Little need be said of The Ugly American's impact upon the reading public. Close to 1,750,000 copies were sold, and in the months after the book appeared on the stands, Lederer and Burdick received over 8,000 letters. Each of them answered half.
"Of the 3,500 I took," says Lederer, "90 per cent asked 'What can I do about this situation?' After I had spent 18 months answering letters, it dawned upon me that it was odd these people had to ask me. So I started on another book, trying to tell them what to do." This second book, entitled A Nation of Sheep, was completed five days ago in a fourth-floor room of Lowell House's AA entry. He wrote it alone.
A Nation of Sheep, to be released this spring, "points out, without so stating" that the average American doesn't know enough to do anything. Lederer takes a few of the more prominent recent foreign issues, attempting to demonstrate that the public has received little true information, from either the government or the press. "I want to let the average guy know he's been had."

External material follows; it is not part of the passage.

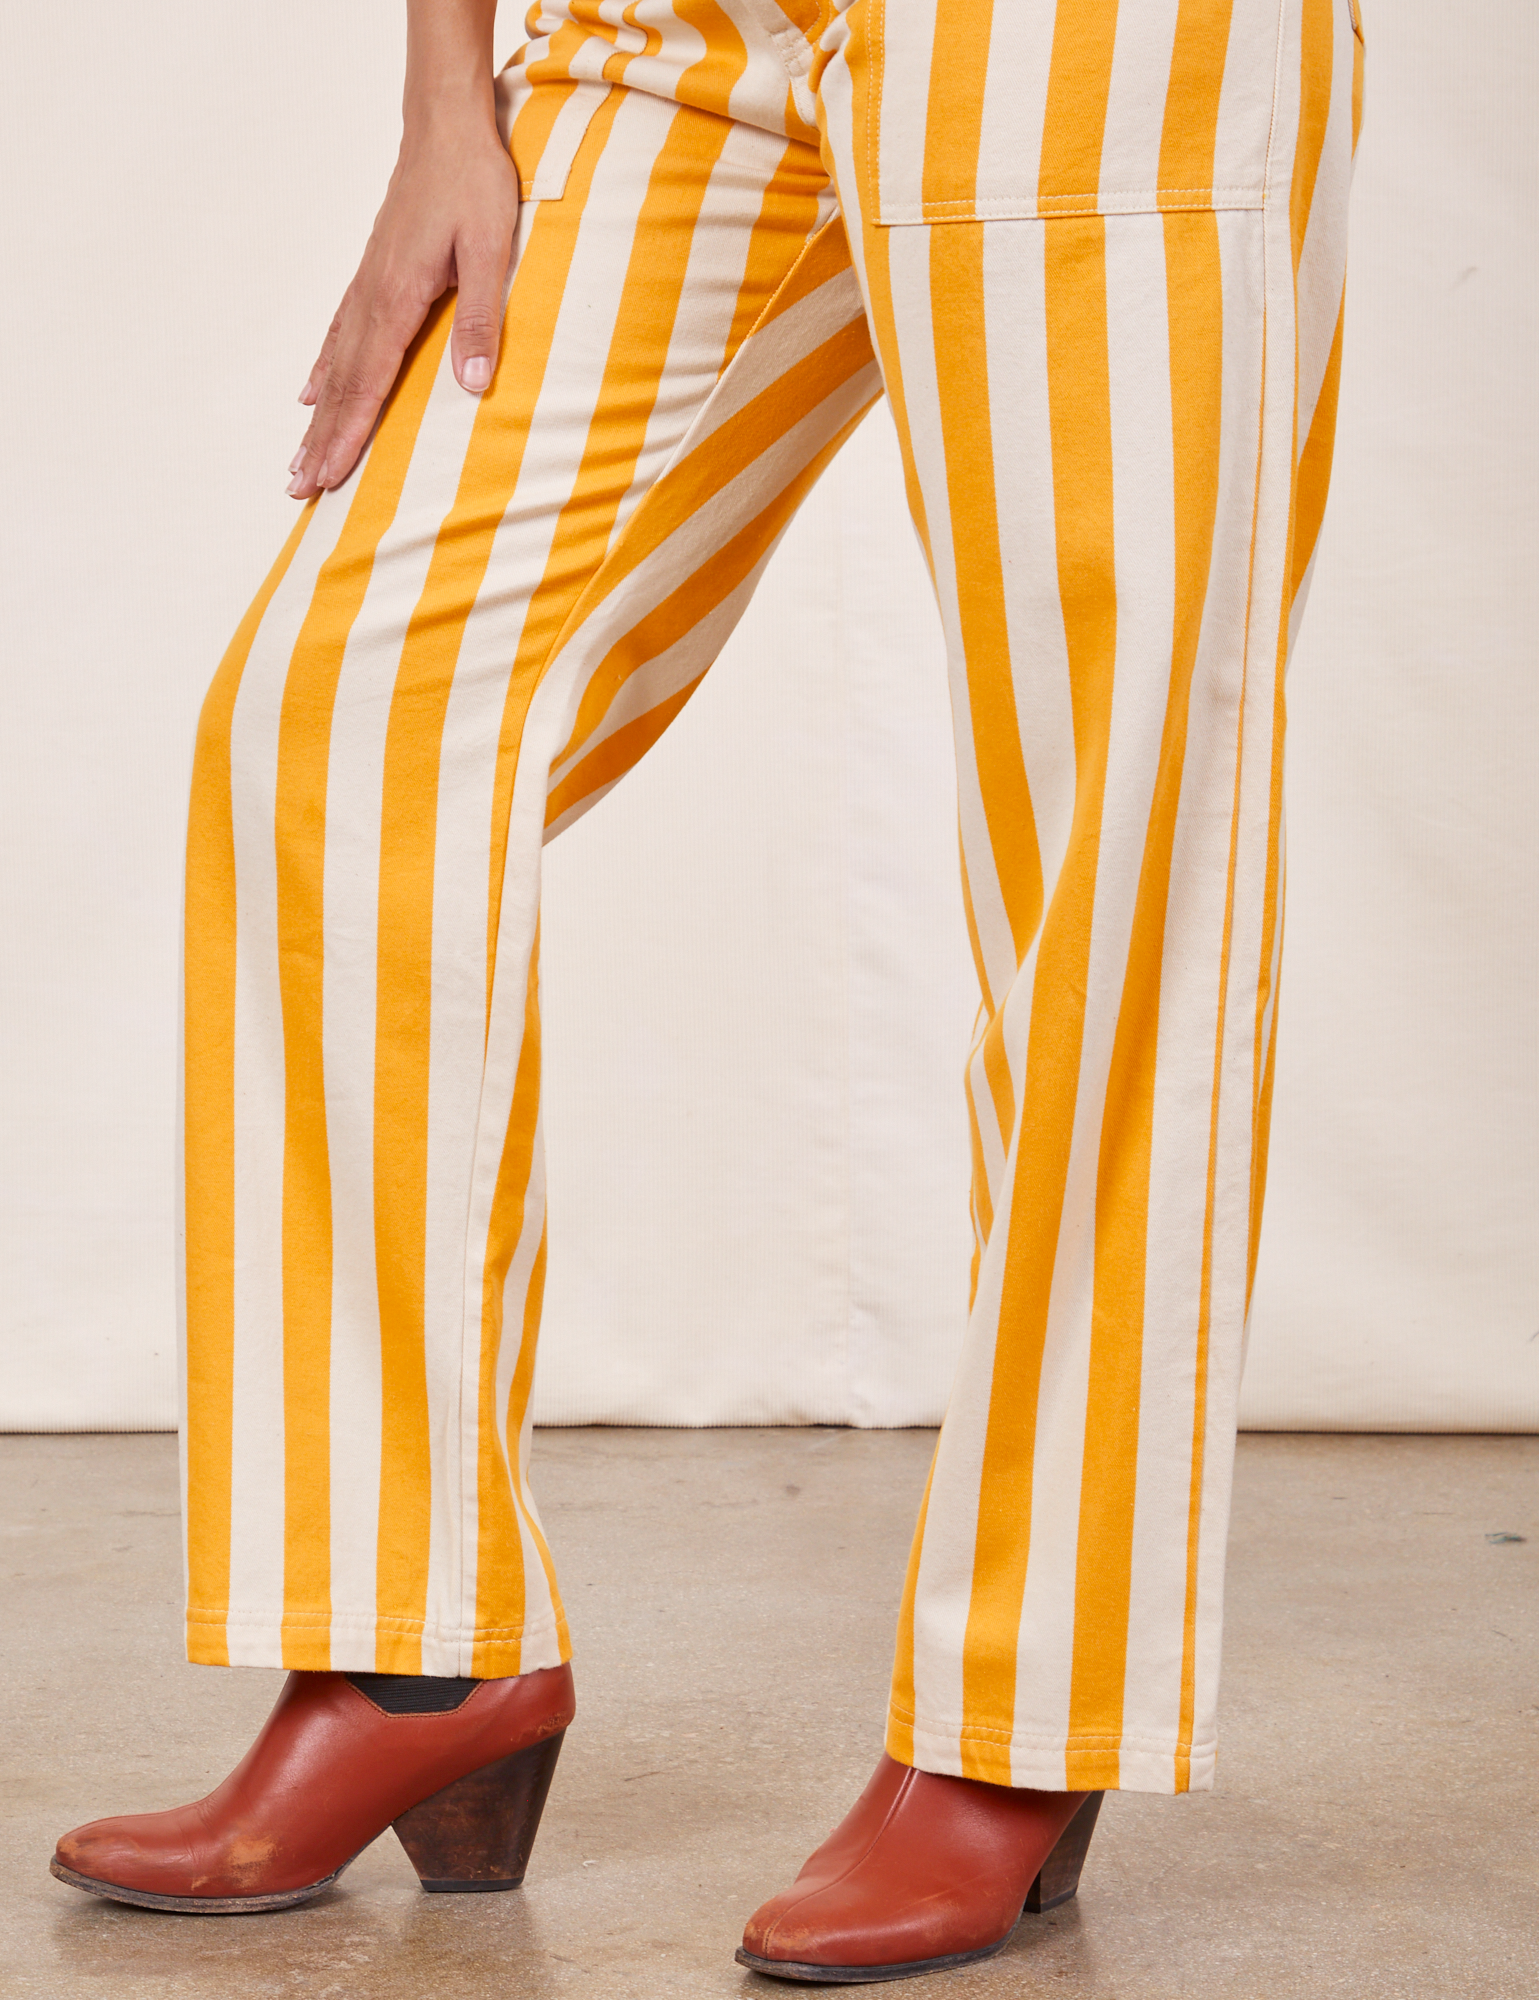 Work Pants in Lemon Stripe pant leg close up on Tiara

He decided to finish his book at Harvard about three weeks ago. After Lederer had lectured at a law school forum, Elliott Perkins, Master of Lowell House, invited him to return for a few days to the place where he had stayed as a Nieman fellow. Lederer remained here for the longer period for three reasons: "First, the atmosphere was perfect for working; second, there were a great many scholars nearby to consult on factual details; and third, it was interesting to talk with the students, especially since the book emphasizes that the future of the country is with the young. It starts off jammed with scandals, and ends with tremendous optimism."
Lederer left Cambridge early Monday morning, heading back to Honolulu. On the way, he plan to stop in California to discuss the possibilities of beginning a "pure" novel--"no message"--with Burdick. Its subject? "I'm going back to humor."